> What is being asked
Images should be omitted while the rest of the data is duplicated exactly.

> Information supplied
---
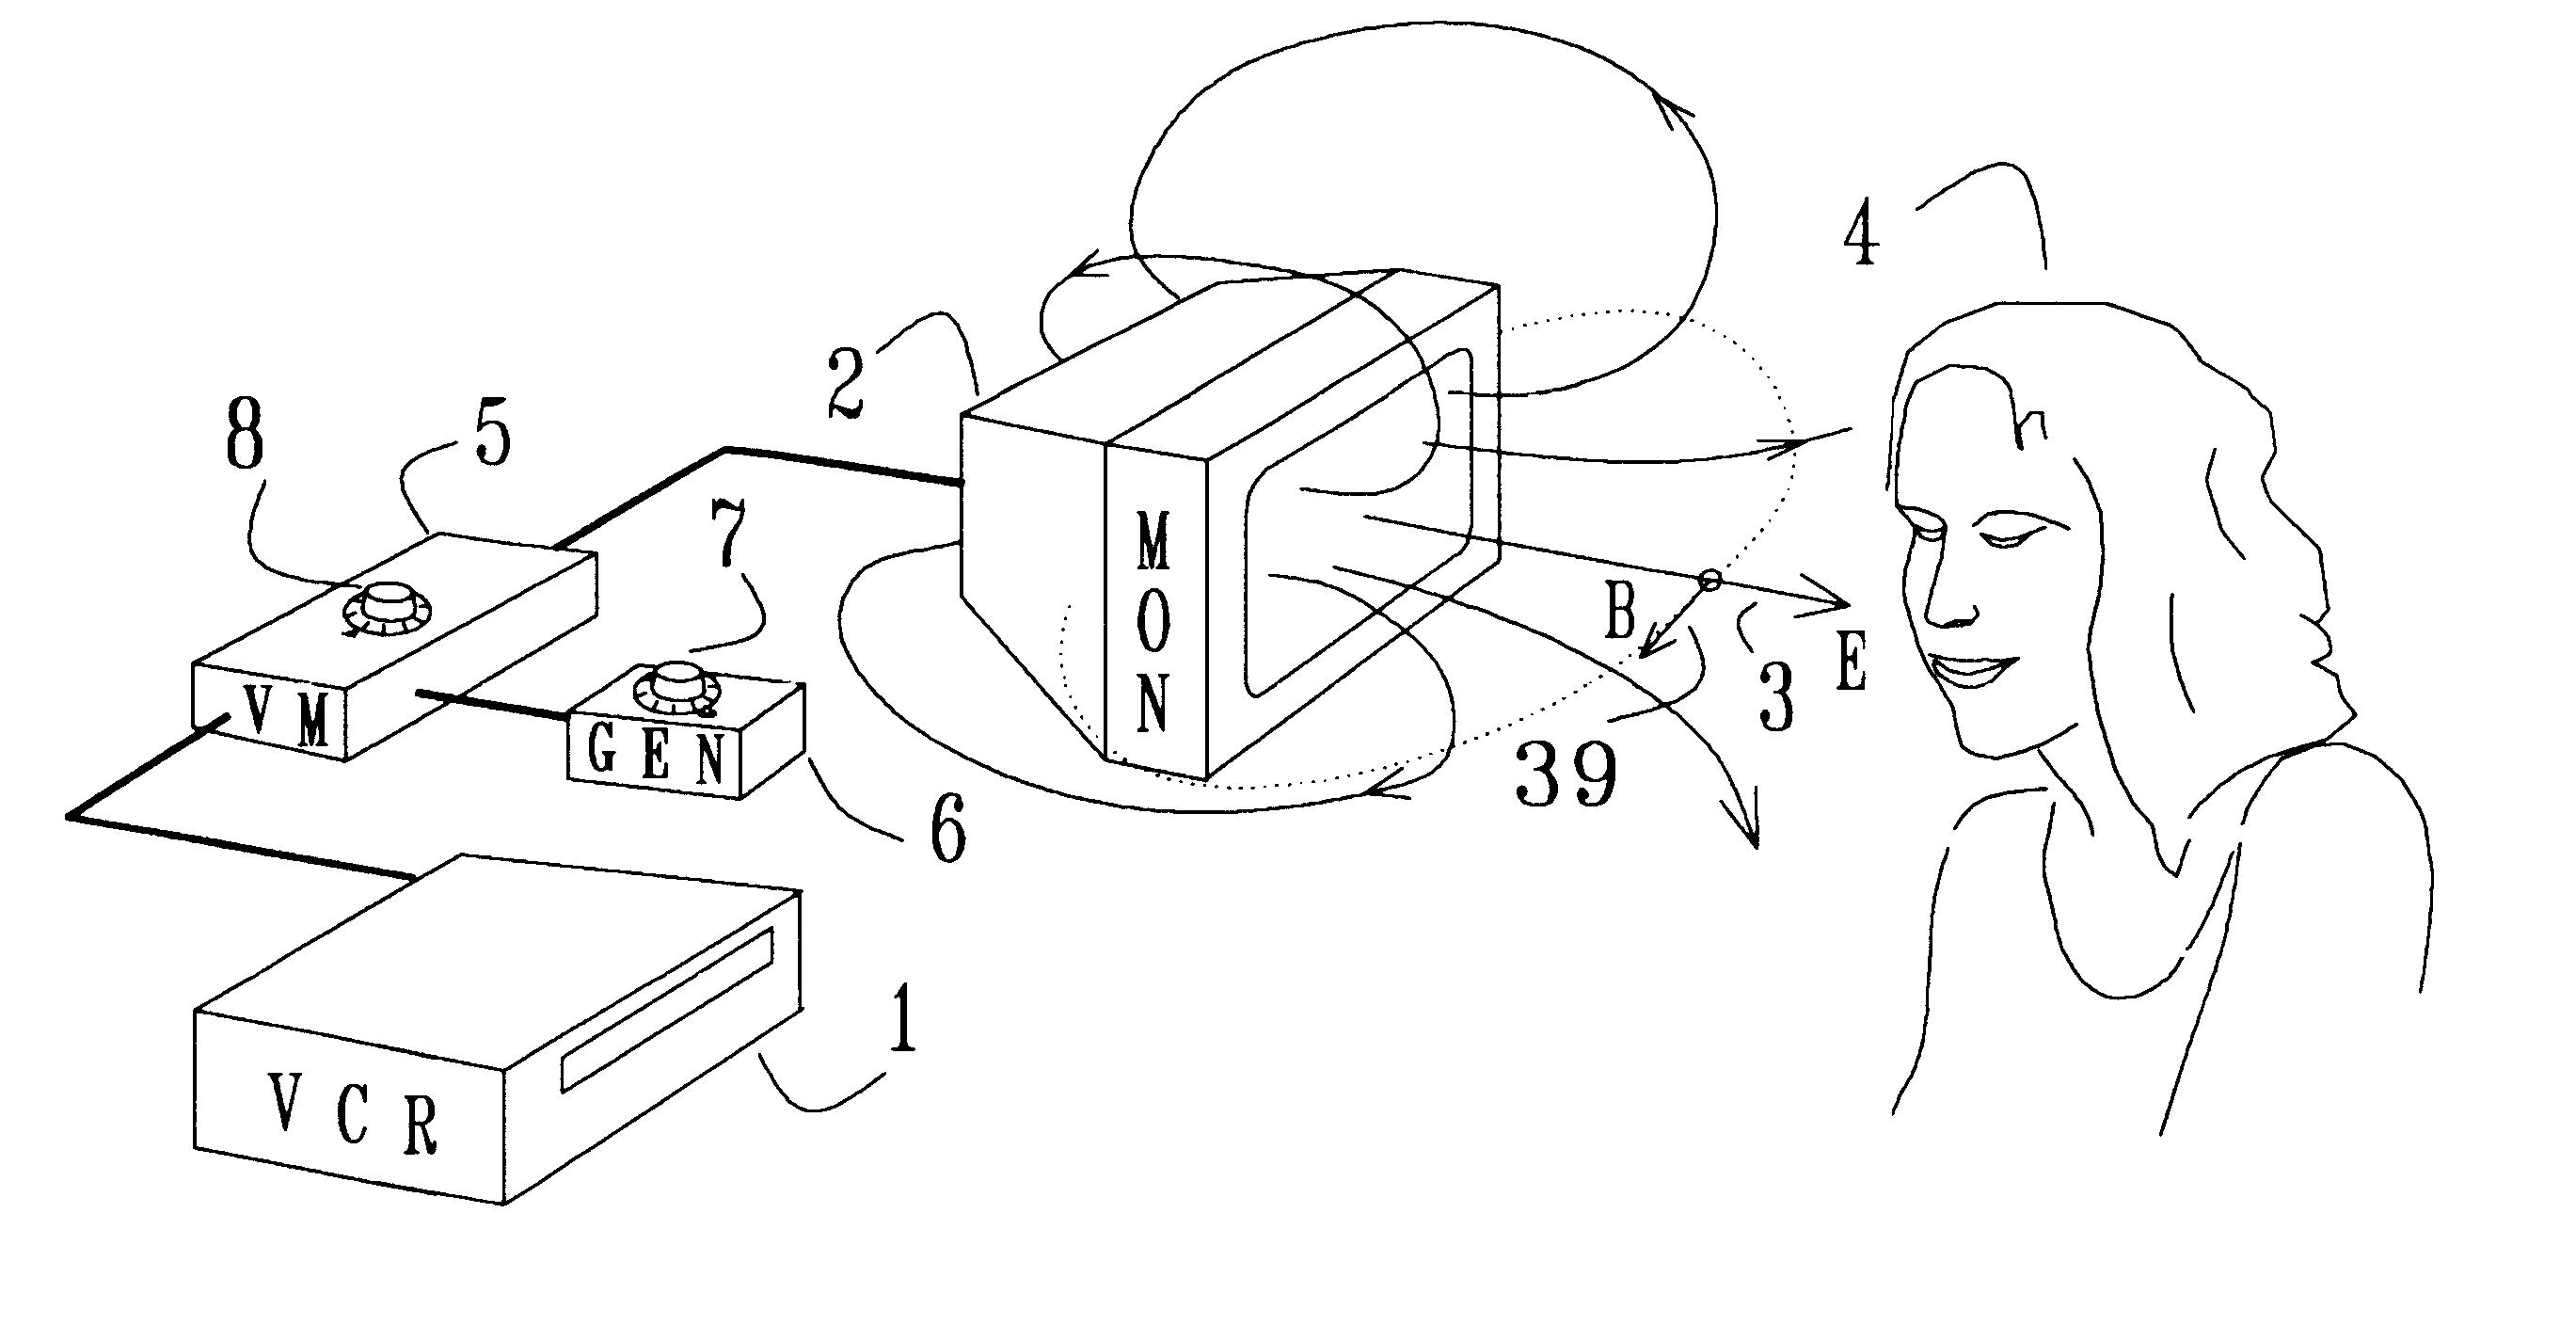 http://patentimages.storage.googleapis.com/US6506148B2/US06506148-20030114-D00000.png
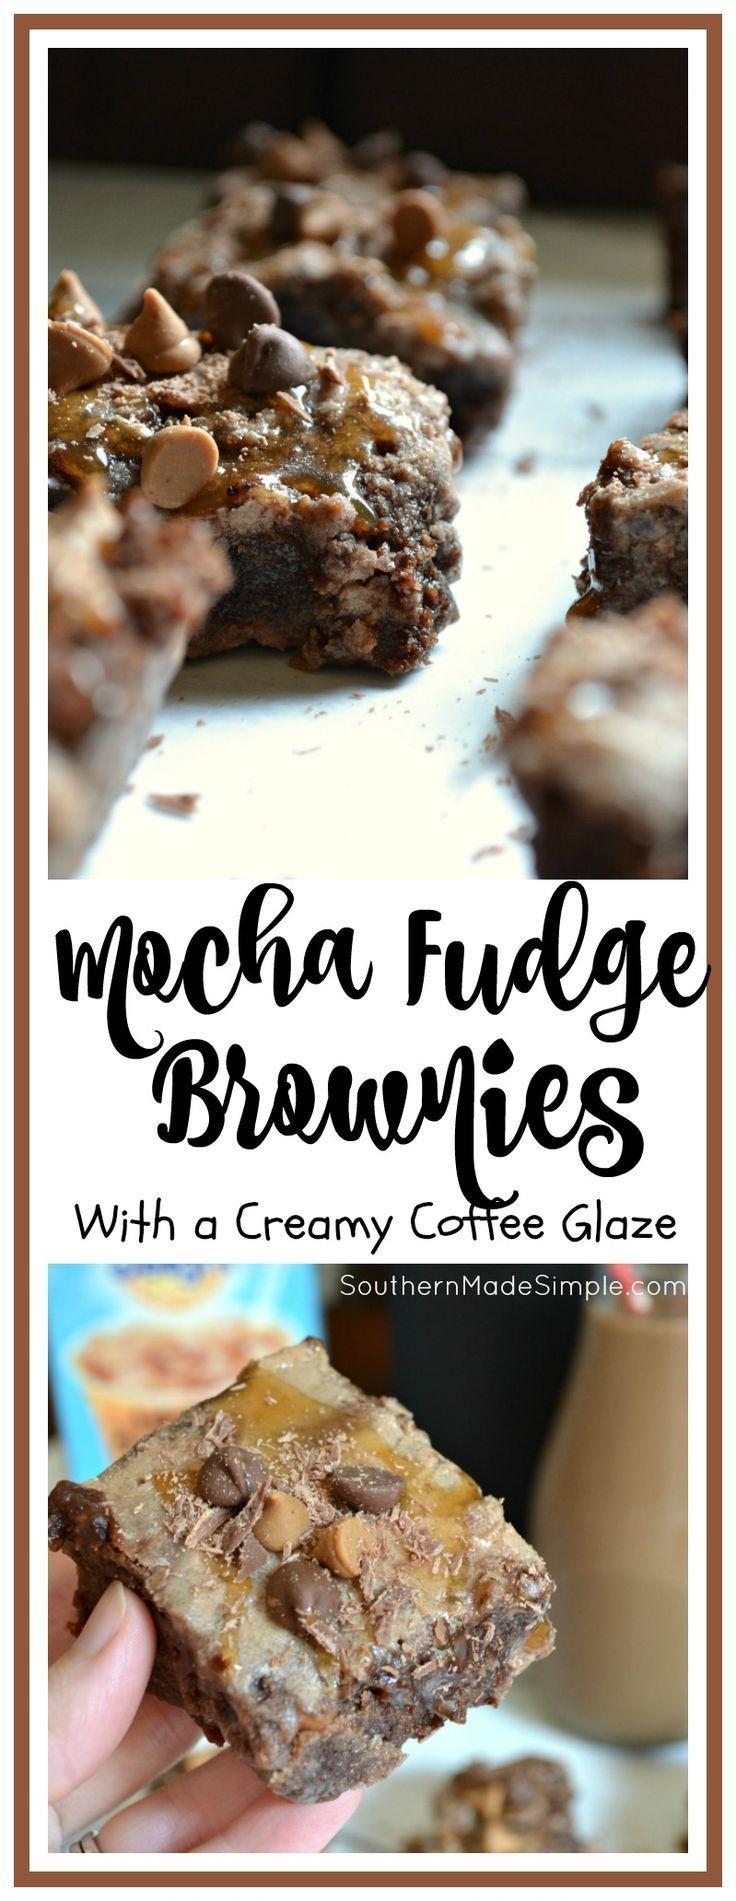 Mocha Fudge Brownies with Creamy Coffee Glaze #chocolatecoveredcoffeebeans
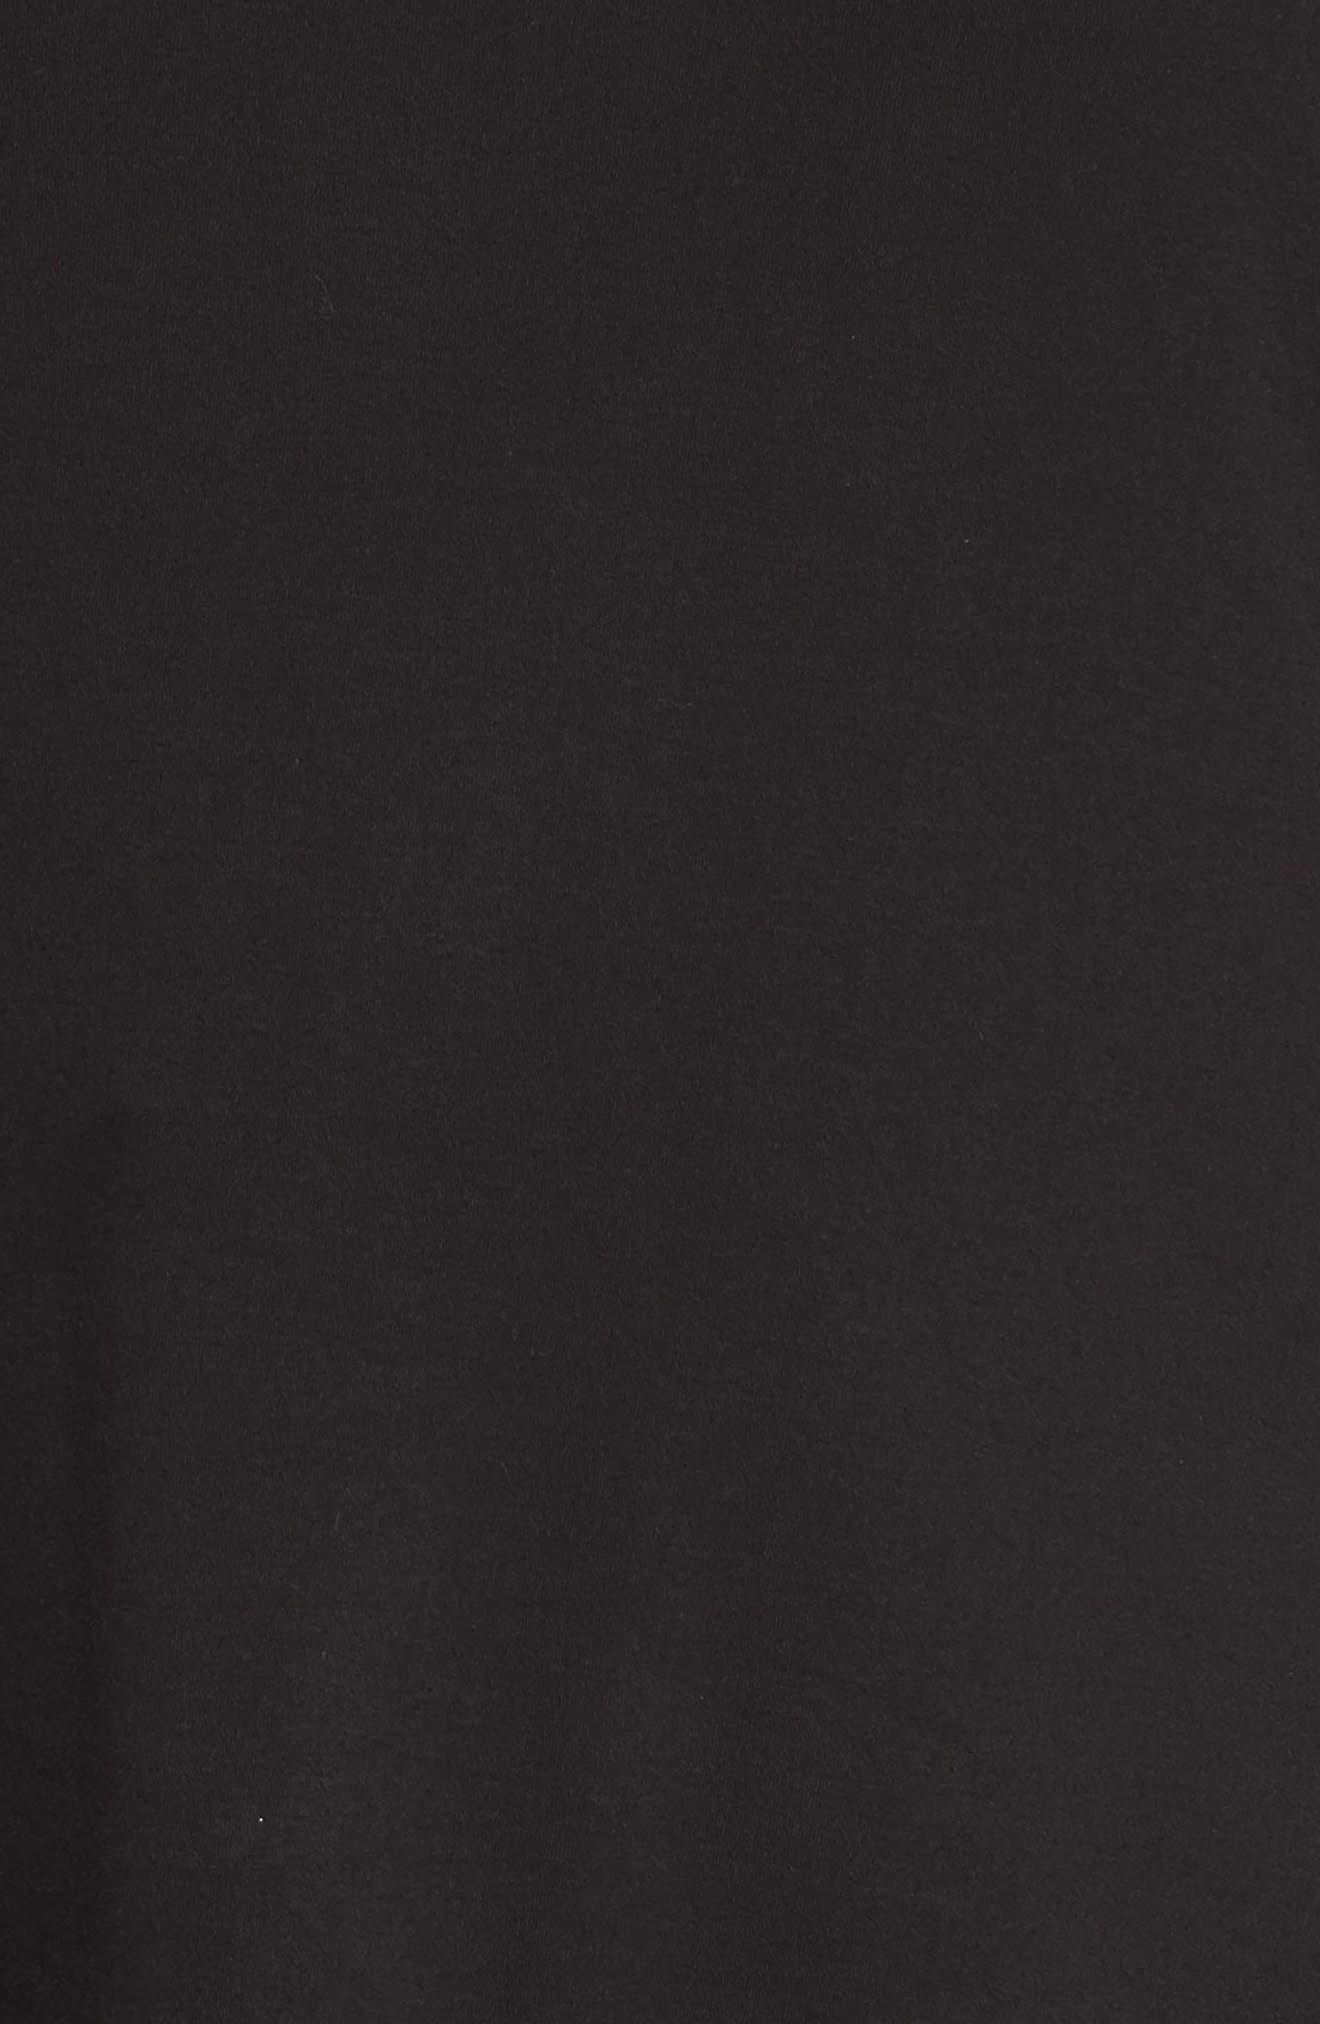 Pleat Ruffle Sleeve Top,                             Alternate thumbnail 5, color,                             001
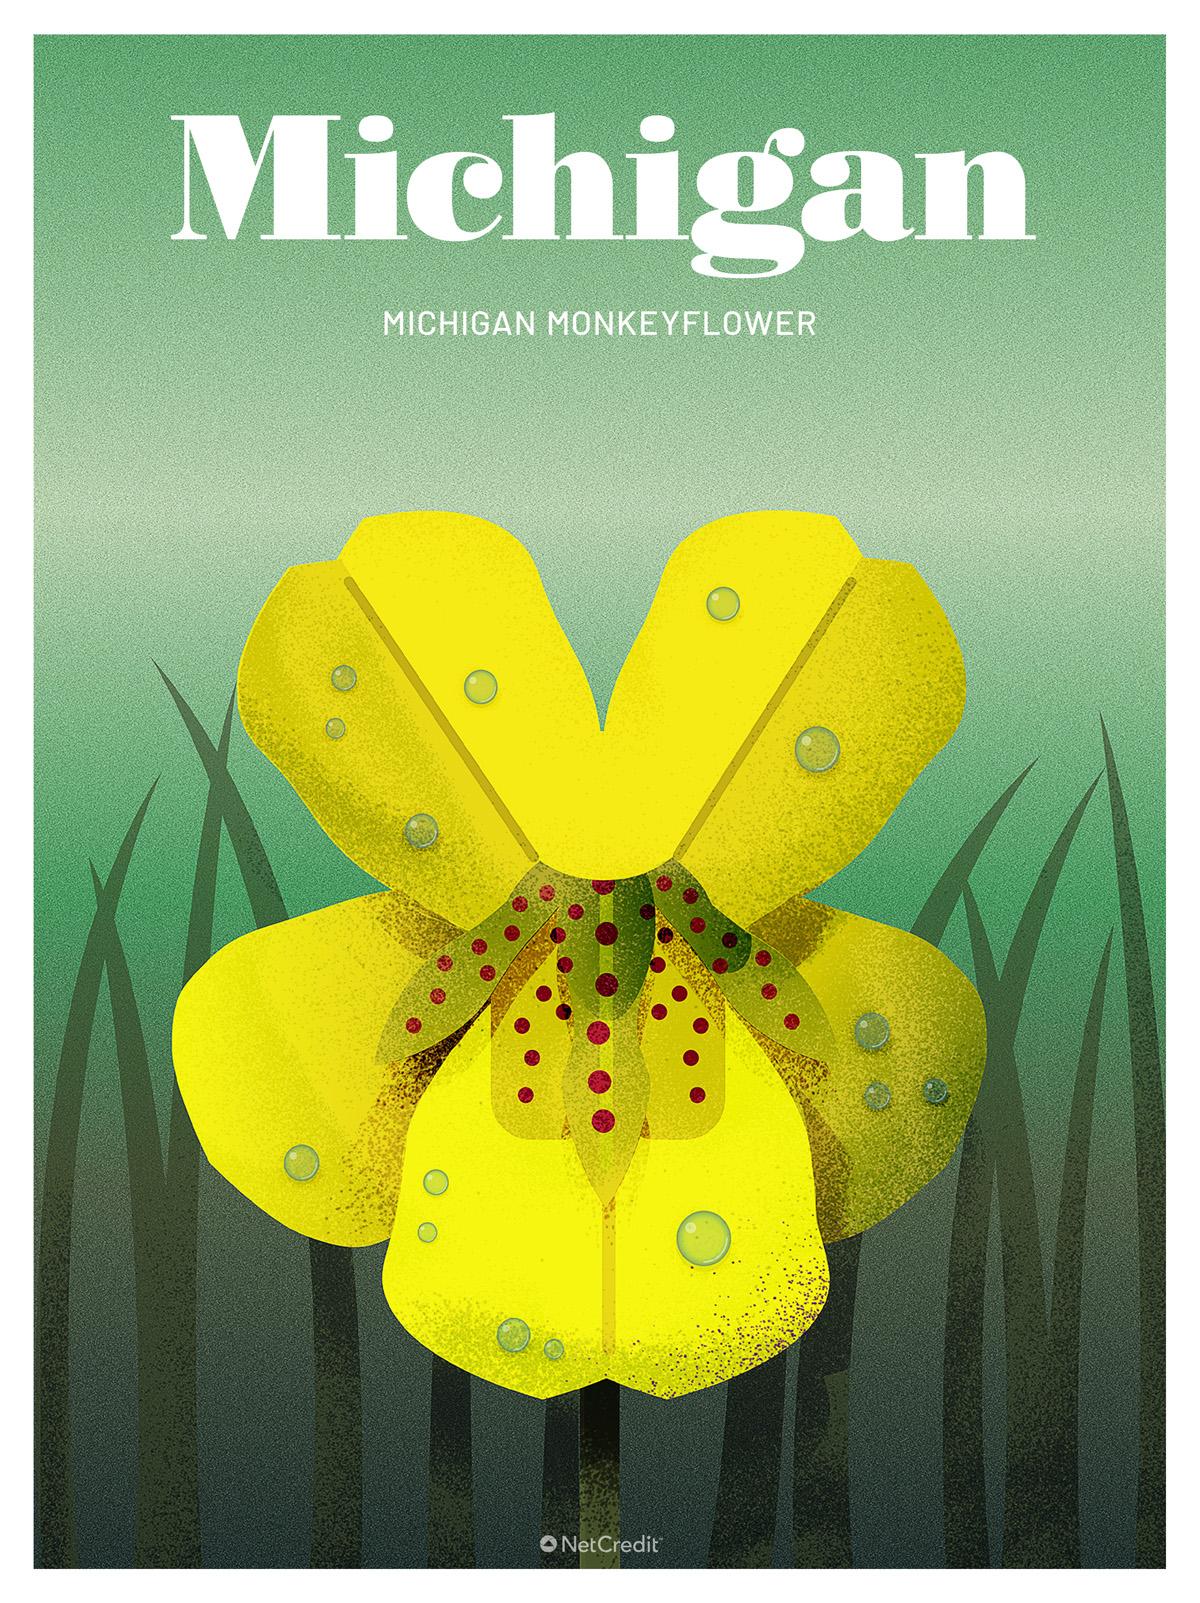 Endangered Plant in Michigan: Monkeyflower
---
> Problem solution
 http://patentimages.storage.googleapis.com/US6506148B2/US06506148-20030114-D00000.png
 Mocha Fudge Brownies with Creamy Coffee Glaze #chocolatecoveredcoffeebeans
 Pleat Ruffle Sleeve Top,                             Alternate thumbnail 5, color,                             001
 Endangered Plant in Michigan: Monkeyflower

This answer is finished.